The newly issued patent claims a class of small molecule inhibitors of Rho-associated kinase (ROCK) that are crucial to the therapeutic application of human induced pluripotent stem cells (hiPSCs).
Modulators belonging to the patented class have been shown to be necessary for the high-throughput derivation of transgene-free hiPSCs, and for the maintenance, survival and genomic stability of hiPSCs in culture. Fate Therapeutics holds an exclusive license from The Scripps Research Institute (TSRI) to the patent in all commercial fields.
Fate Therapeutics COO and CFO Scott Wolchko noted that the company believes the class of ROCK inhibitors covered by these issued claims is a key component to enable the clinical manufacture of hiPSCs for therapeutic applications.
"These newly issued claims complement the hiPSC-related cell compositions previously patented under our Whitehead Institute for Biomedical Research intellectual property portfolio, which we believe are foundational to hiPSC generation.

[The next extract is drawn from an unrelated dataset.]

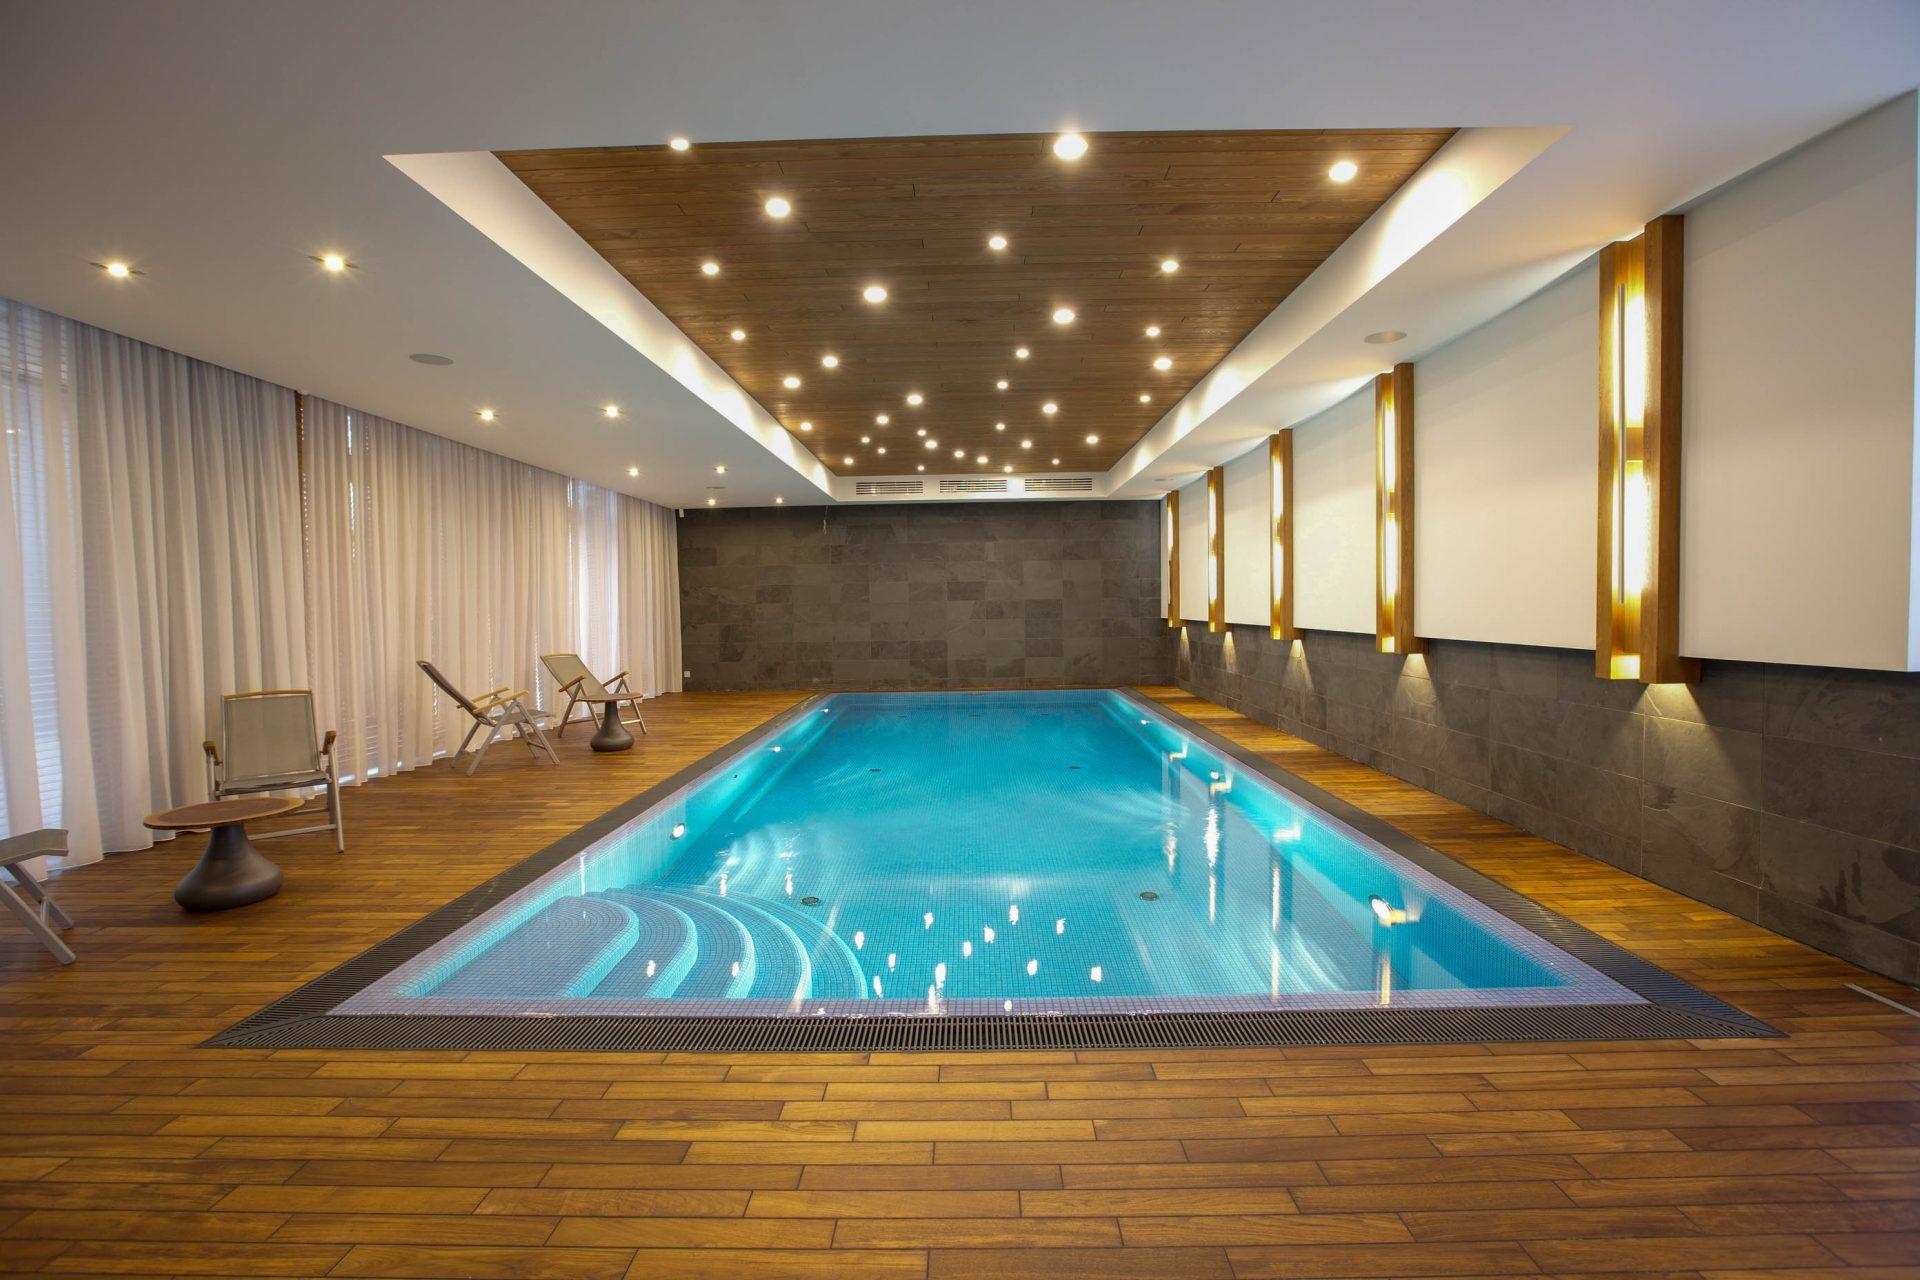 Частный уютный бассейн с освещением Allpools

"Our growing patent estate covering small molecule-enhanced reprogramming and pluripotency maintenance and expansion is a reflection of the breadth of our proprietary platform for developing iPSC-based regenerative therapeutics," Wolchko added.
Thiazovivin, one specific ROCK inhibitor covered within the patented class, was first discovered by Dr Sheng Ding, a scientific founder of Fate Therapeutics. Under a research collaboration between TSRI and Fate Therapeutics, Dr Ding and his team first demonstrated that Thiazovivin, in combination with other small molecules, increases the reprogramming efficiency of human fibroblasts into hiPSCs by 200-fold as compared to non-chemically enhanced methods of hiPSC generation (Lin, T., et al, Nature Methods 6, 805 – 808 (2009)).
Additional work by both Dr Ding and Fate Therapeutics further differentiated the ability of Thiazovivin and its related class of molecules, as compared to other ROCK inhibitors, to significantly enhance hiPSC survival and homogeneity.
Thiazovivin, as well as compositions and cell culture media comprising Thiazovivin, are patented under U.S. Patent No. 8,044,201 entitled Stem Cell Cultures, to which Fate Therapeutics holds an exclusive license from TSRI in all commercial fields.
In March 2014, Fate scientists published an article in the journal Stem Cell Reports describing its proprietary stem cell modulation platform for developing hiPSC-based regenerative therapeutics. The company’s therapeutic platform consists of stage-specific cell culture systems containing combinations of small molecule modulators including ROCK inhibitors, and enables the rapid, parallel derivation of hiPSC clones and their subsequent expansion and survival as transgene-free, single cells in culture.
Fate Therapeutics is currently researching therapeutic applications of hiPSC-derived myogenic progenitor cells and hematopoietic cells.